Today, data everywhere is highly valuable. Companies use data as an important resource in, for example, the context of optimizing production processes in networked industrial systems. Data also constitute a lucrative business model for cybercriminals, and the threat situation is constantly growing. Holistic security concepts are urgently needed in Industry 4.0 environments where big data technology and cross-company communication are involved.

Digitized production processes generate massive volumes of data. These must be collected, evaluated, and utilized with secure methods that do not provide attackers with a gateway.

Machine data are an important basis for planning

The optimization of production results is based on a solid database

Machine data is highly important for planning efficient production processes. It provides the operator with information about when and with what loads machines are running productively, as well as when they are not running productively. They also confirm production results achieved with existing utilization. Machine data can be used to perform overall equipment efficiency calculations and, based on these, to plan adjustments to increase production.  

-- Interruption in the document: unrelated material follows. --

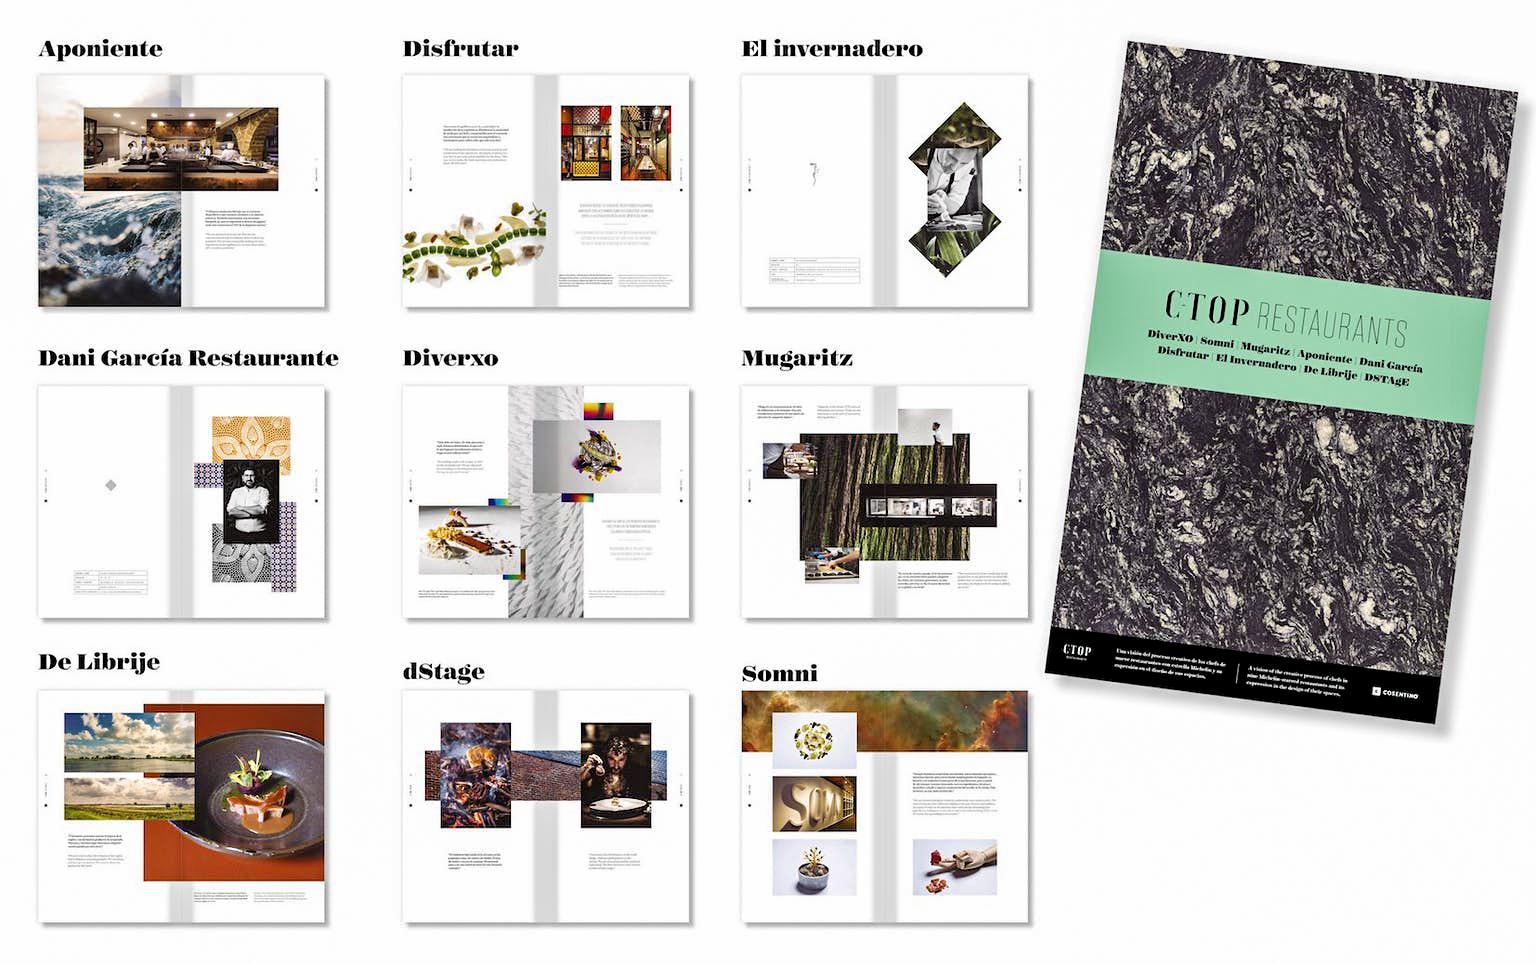 Cosentino presenta una joya editorial sobre diseño y espacios en restaurantes

Avoiding failures through intelligent maintenance concepts

The availability of a plant is safeguarded by a predictive maintenance concept that prevents a plant shutdown in a worst-case scenario. This maintenance concept also helps in the avoidance of costs for unplanned on-site maintenance. Diagnostic data that machines provide to operators and manufacturers is maintenance-relevant information. An important measure for maintenance concepts is the effective protection of remote maintenance access. 

Inventory ─ gaining clarity on infrastructure inventory

As part of a holistic IT protection concept, machine data provides valuable information about the systems and components that are part of a production plant’s infrastructure.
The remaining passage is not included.